___ The data ___

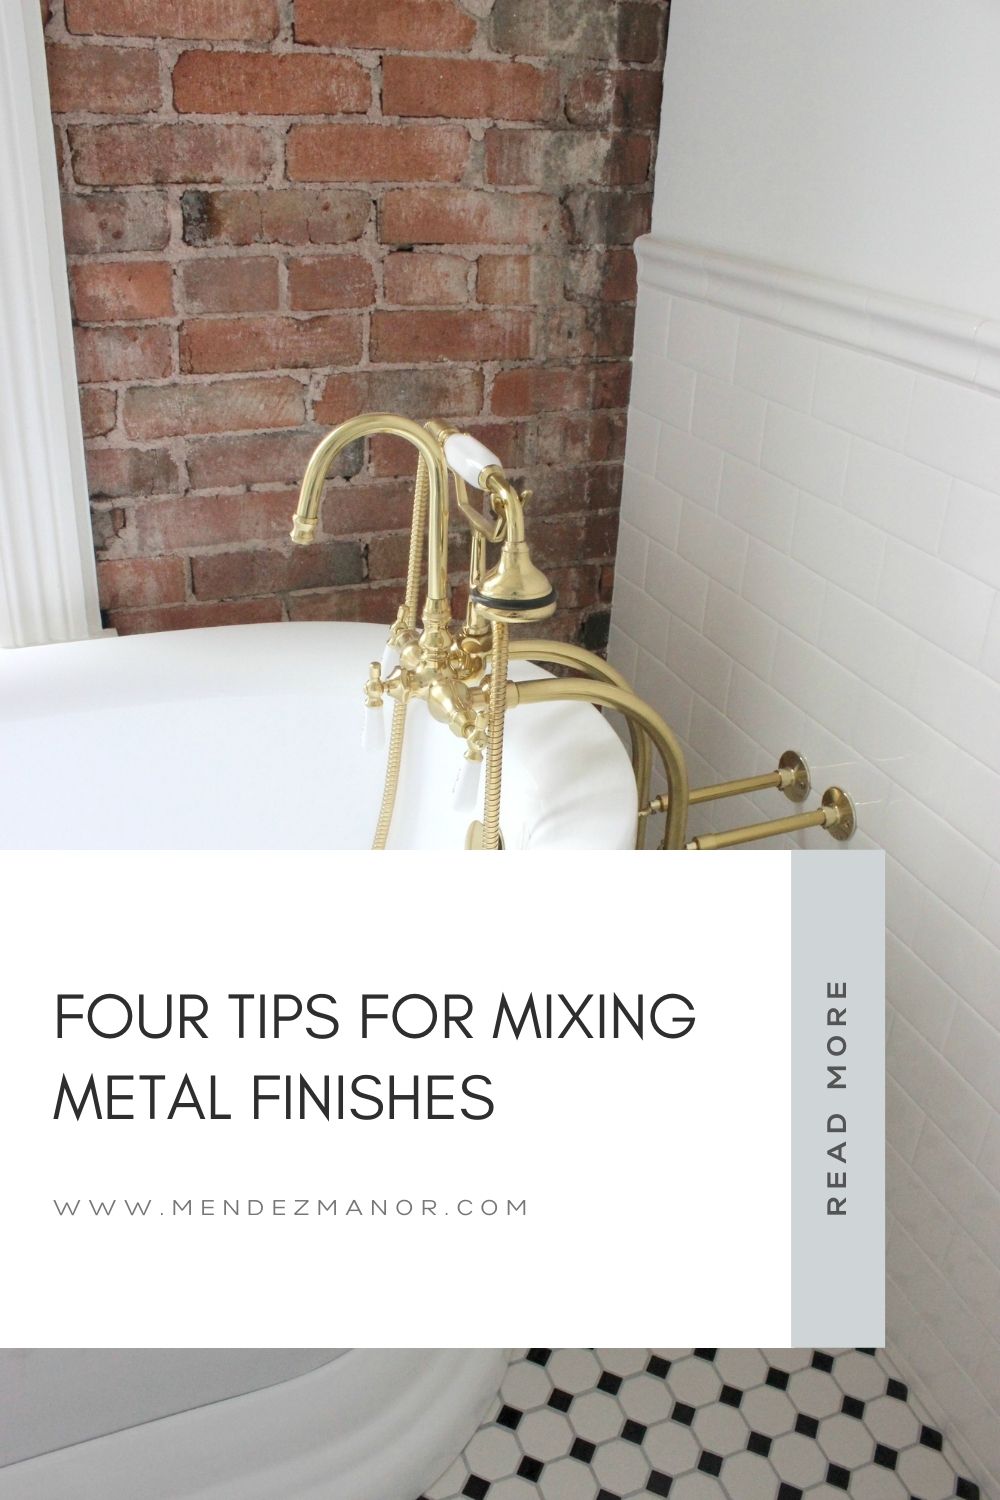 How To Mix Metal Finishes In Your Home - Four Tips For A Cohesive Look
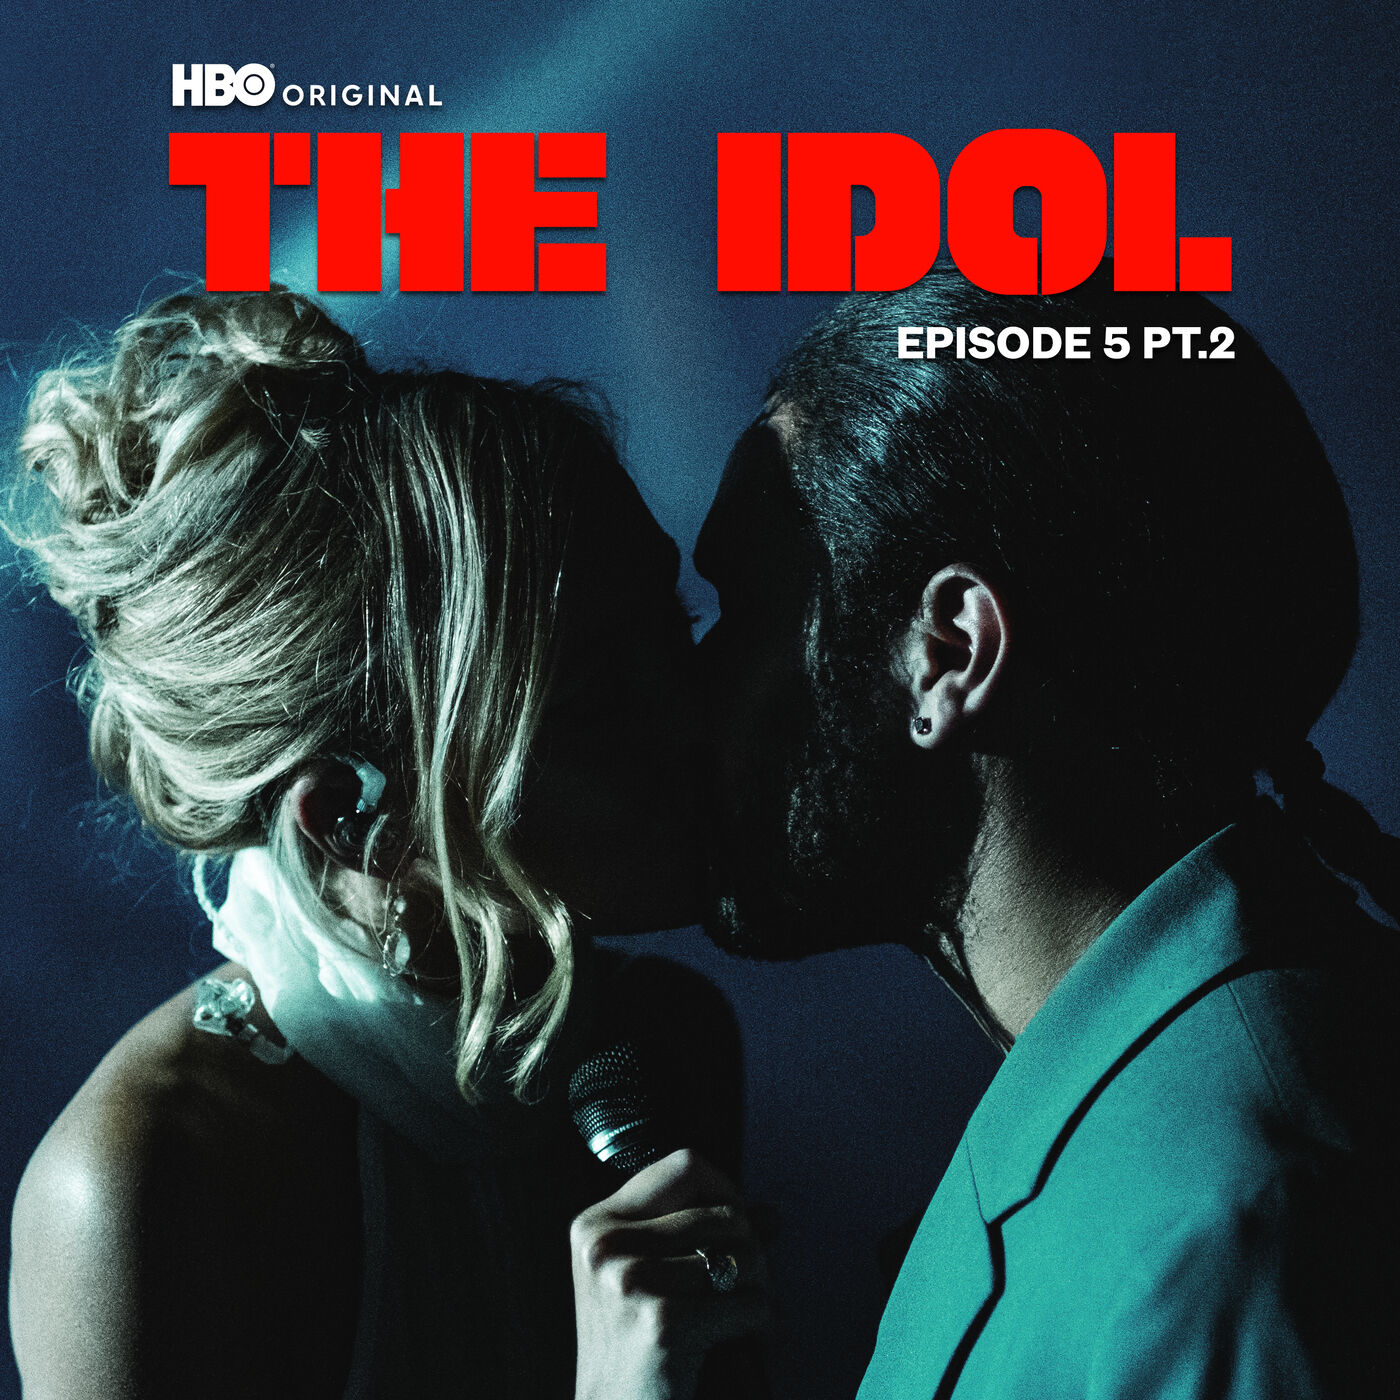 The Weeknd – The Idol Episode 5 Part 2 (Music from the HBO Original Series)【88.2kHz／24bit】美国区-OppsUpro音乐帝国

___
___ The data ___

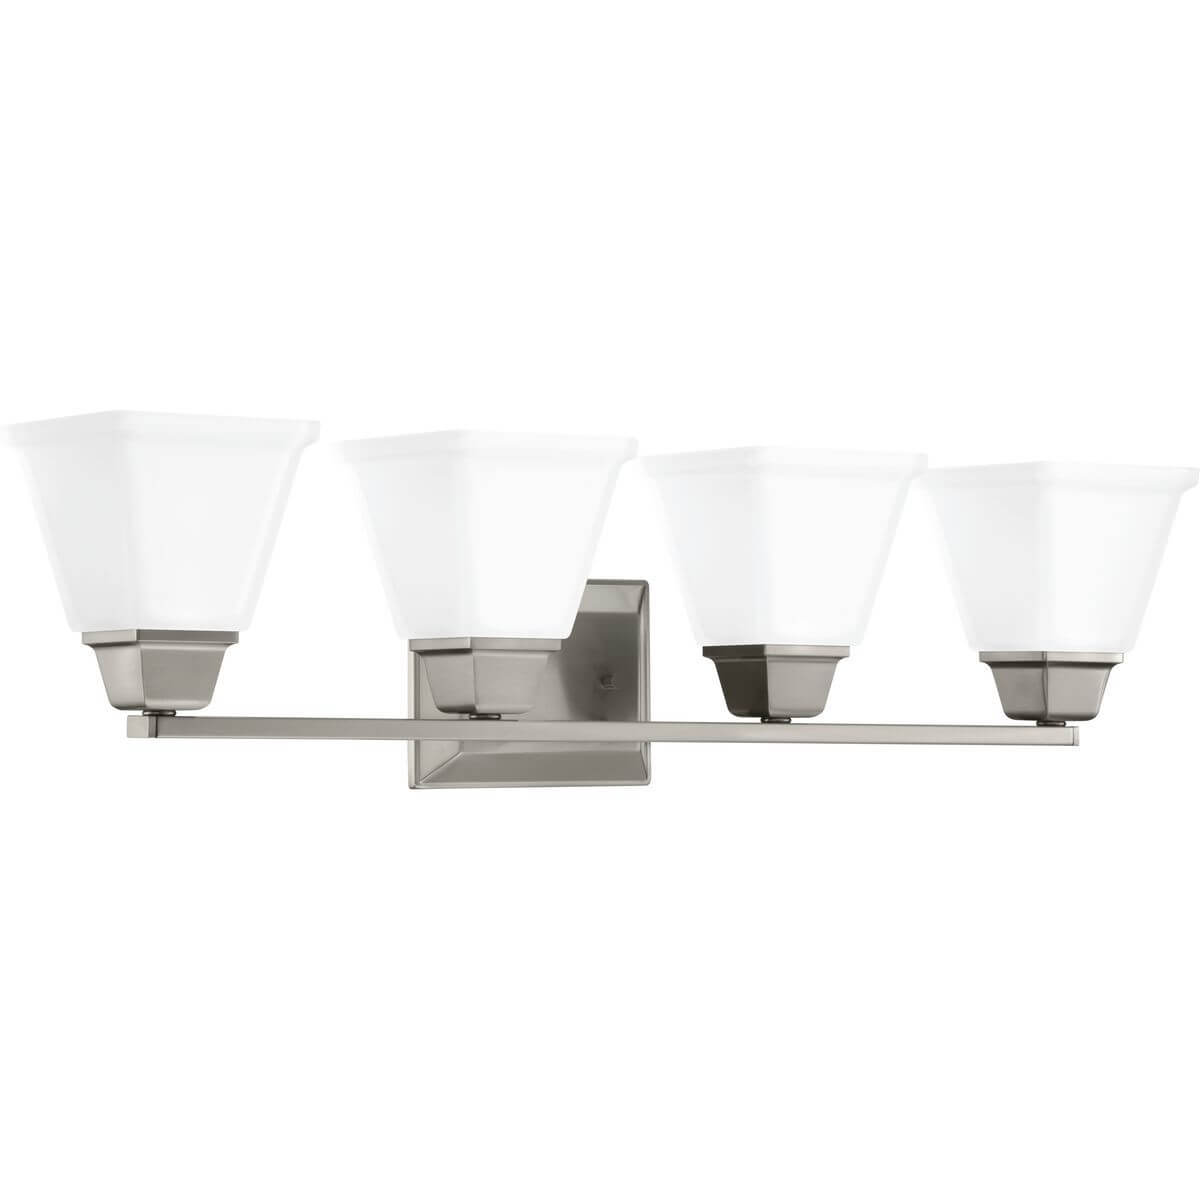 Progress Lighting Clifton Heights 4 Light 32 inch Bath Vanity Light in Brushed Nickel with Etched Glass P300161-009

___
___ The data ___

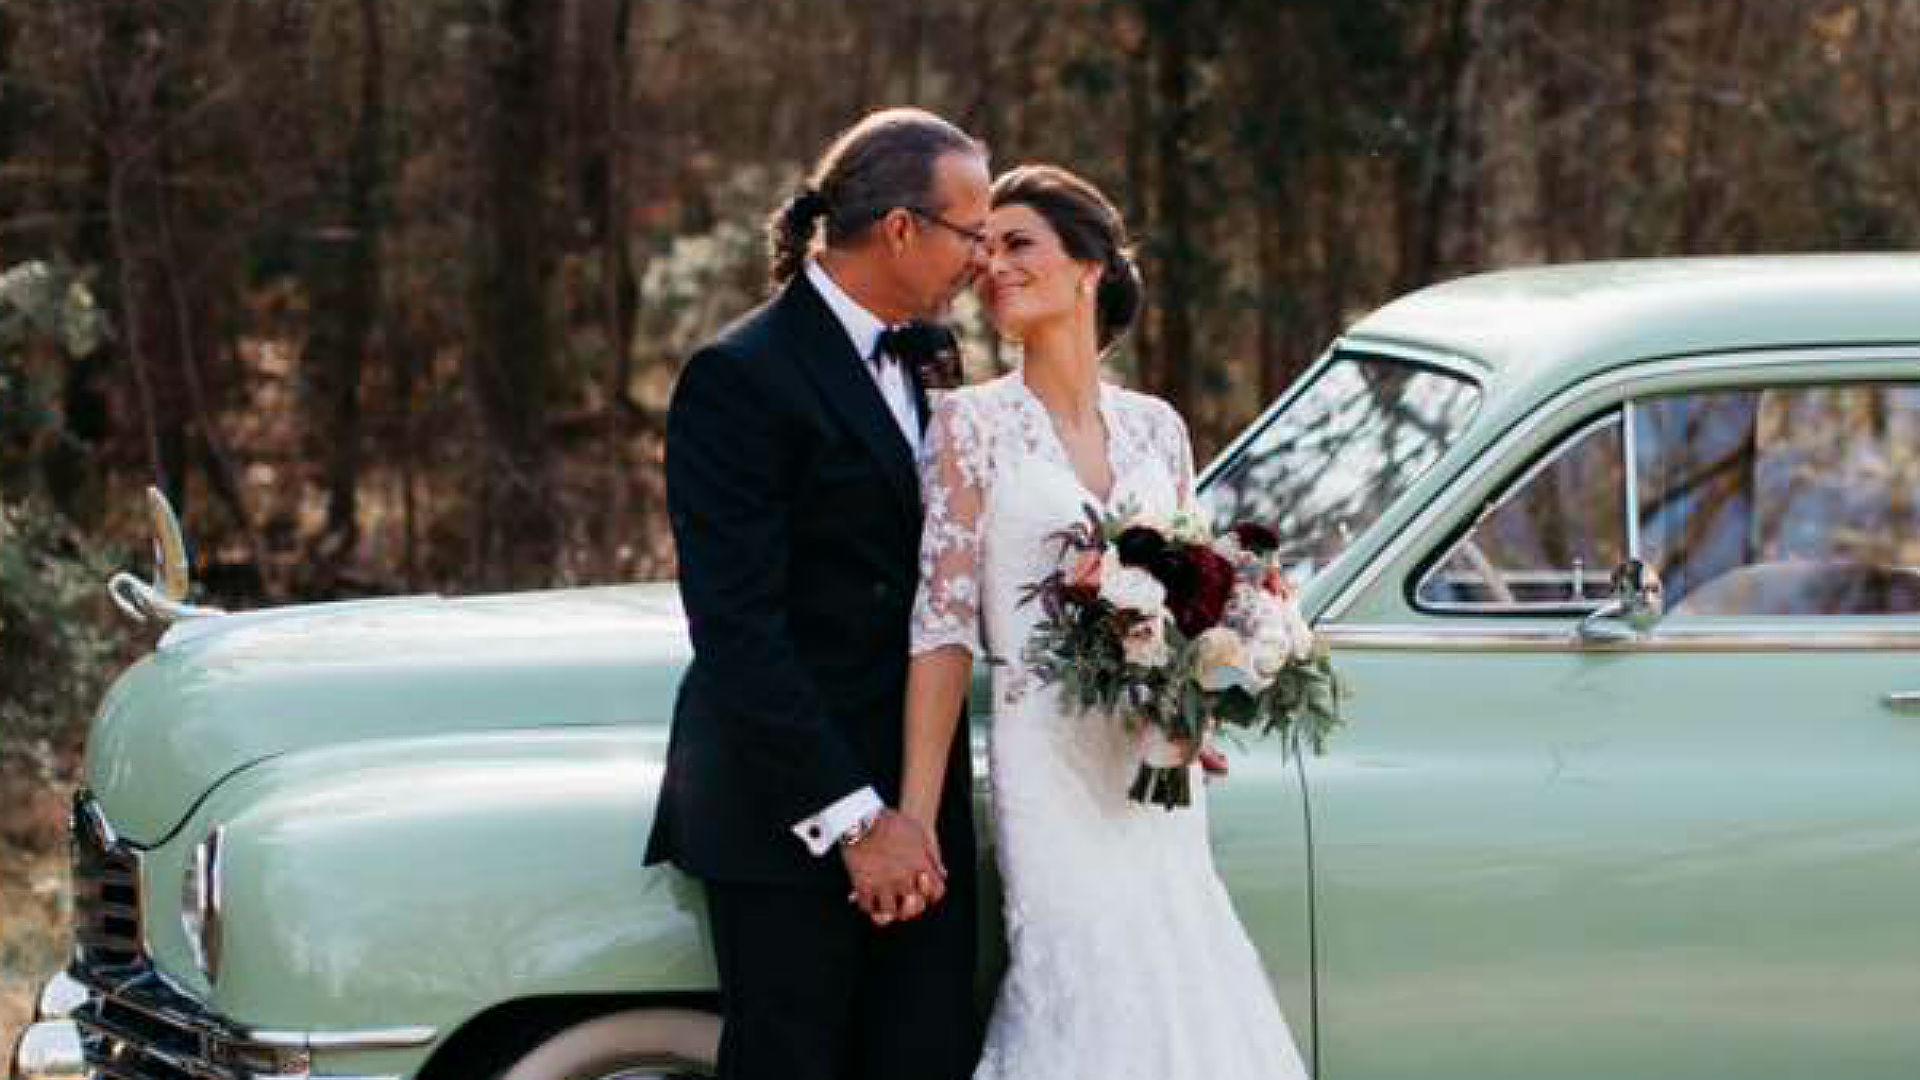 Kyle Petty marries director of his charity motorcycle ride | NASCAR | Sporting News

___

What are the lines above from the one with "How To Mix Metal" to the one with "The Weeknd –", both included? Reproduce them exactly, without pictures.

 How To Mix Metal Finishes In Your Home - Four Tips For A Cohesive Look
 The Weeknd – The Idol Episode 5 Part 2 (Music from the HBO Original Series)【88.2kHz／24bit】美国区-OppsUpro音乐帝国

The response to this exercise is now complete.